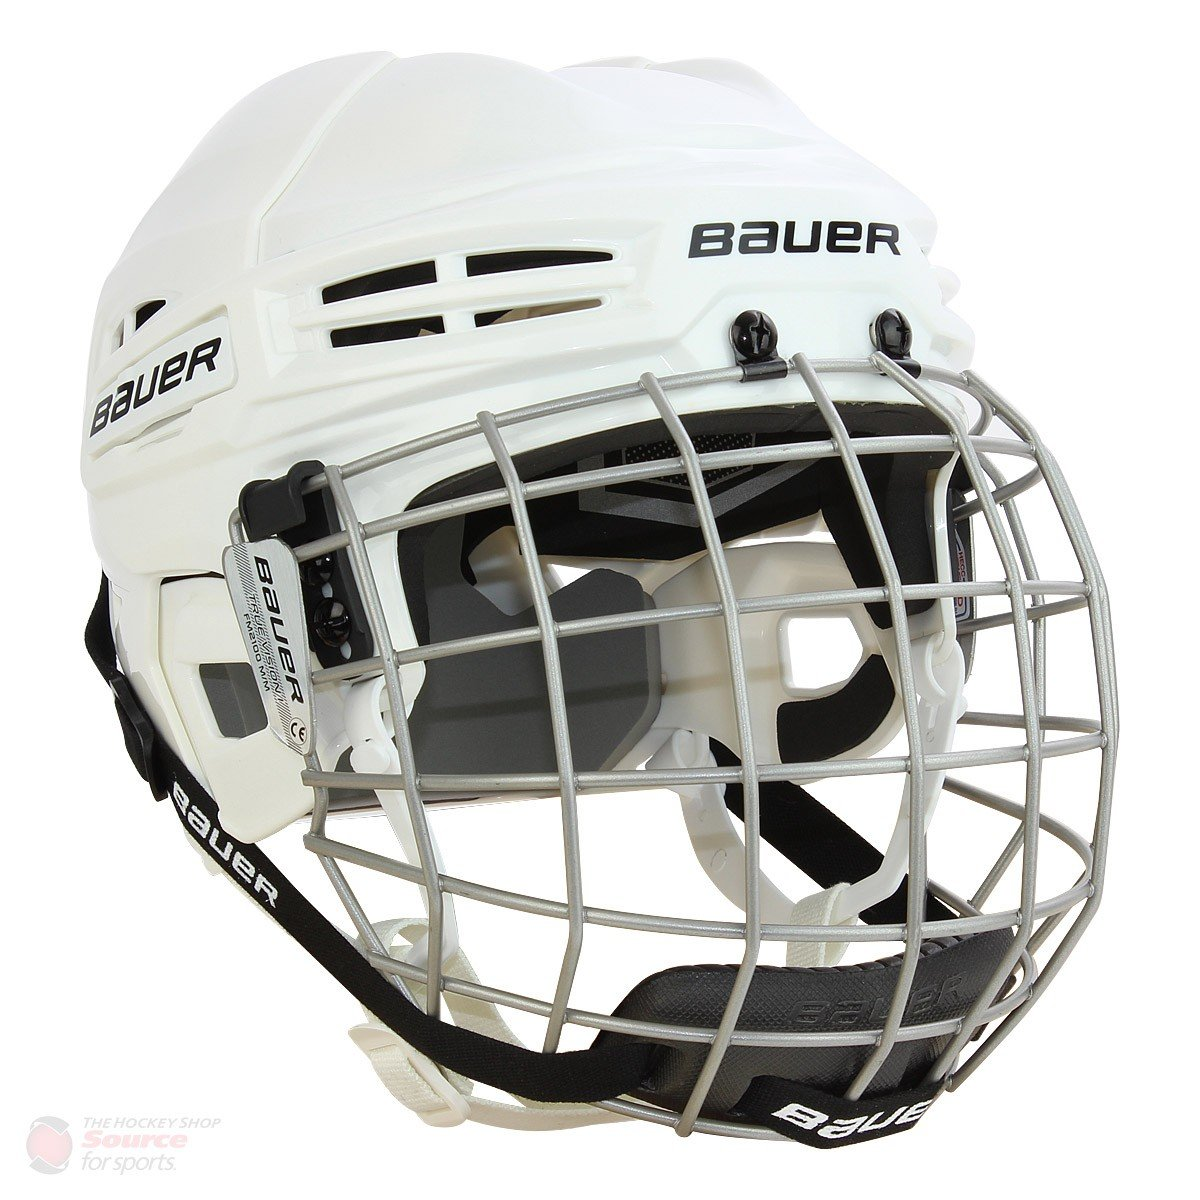 Bauer IMS 5.0Casque de Hockey Combo
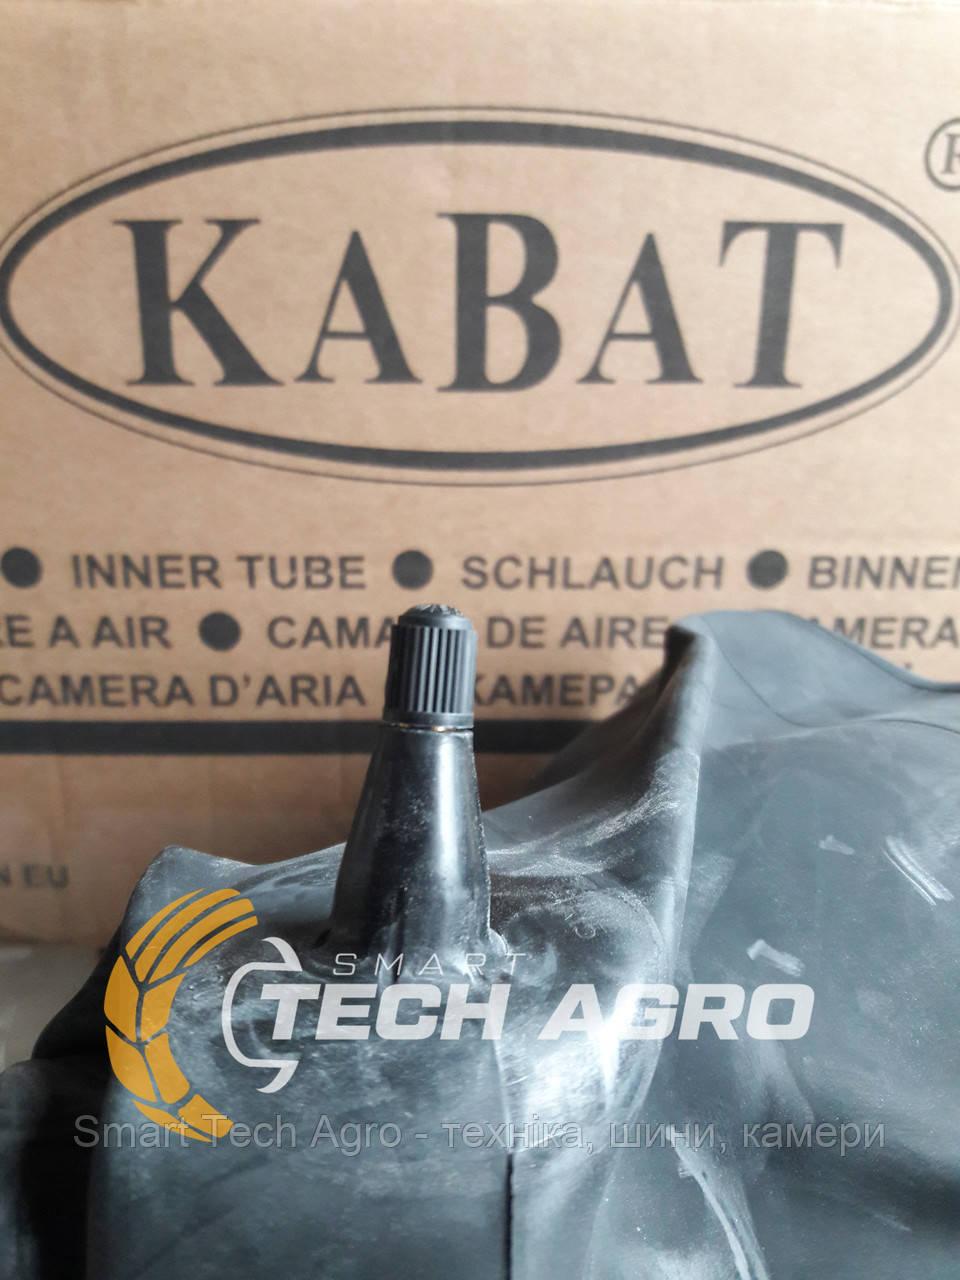 Камера  400/60 15.5 TR-15 Kabat для причепа борони плуга культиватора 350/70 15.5, камера 15.5
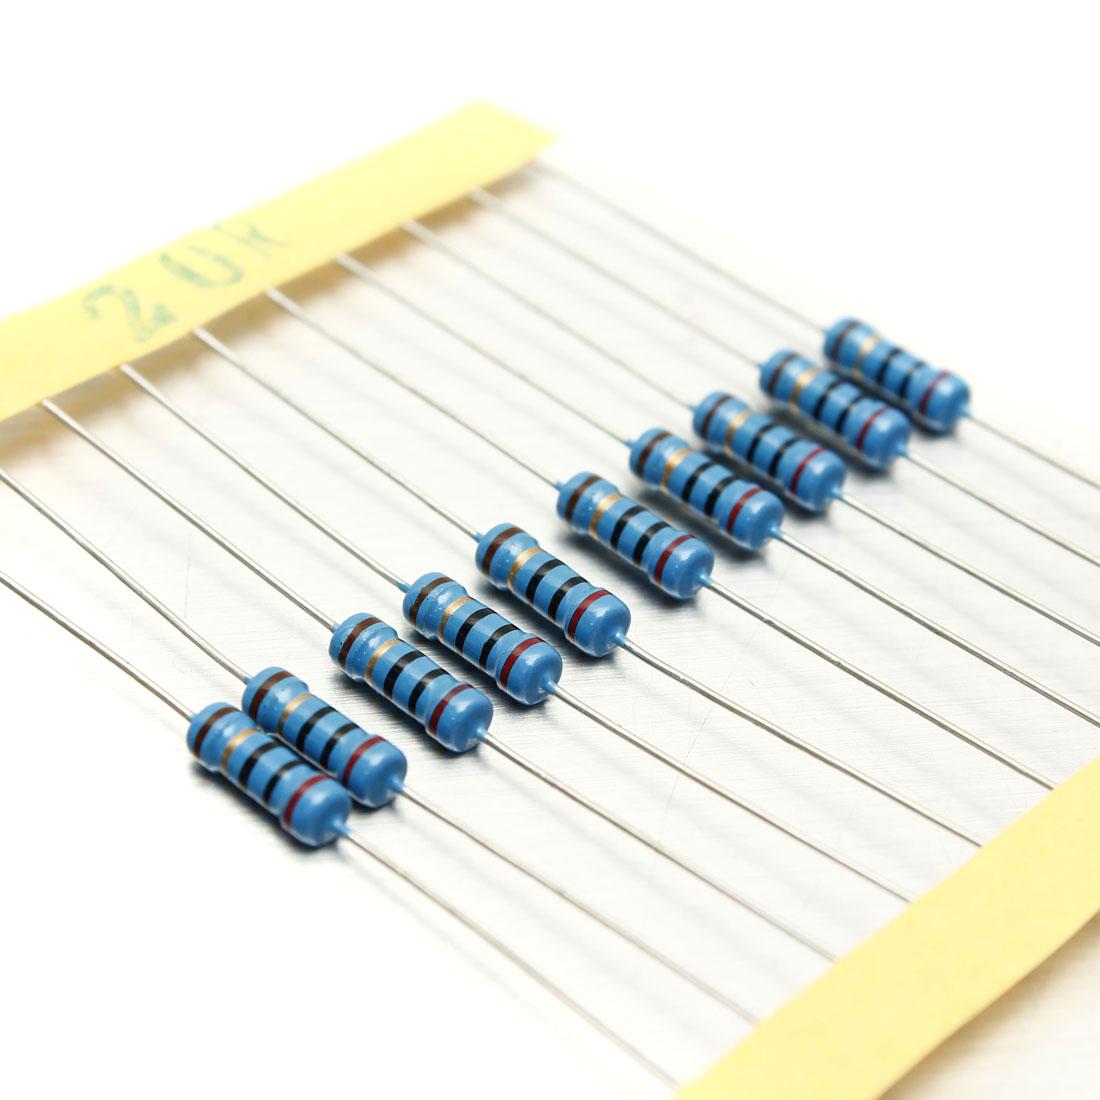 1000Pcs-50-Values-1-2W-0-5W-1-Metal-Film-Resistors-Kit-Assortment-Mix thumbnail 2

=== WORK ORDER ===
Once the line with "15.5, камера 15.5" is found, write out that line and every later line of the listing above exactly, through the last one, and skip any pictures.

=== OUTPUT OF THE TASK ===
 Камера  400/60 15.5 TR-15 Kabat для причепа борони плуга культиватора 350/70 15.5, камера 15.5
 1000Pcs-50-Values-1-2W-0-5W-1-Metal-Film-Resistors-Kit-Assortment-Mix thumbnail 2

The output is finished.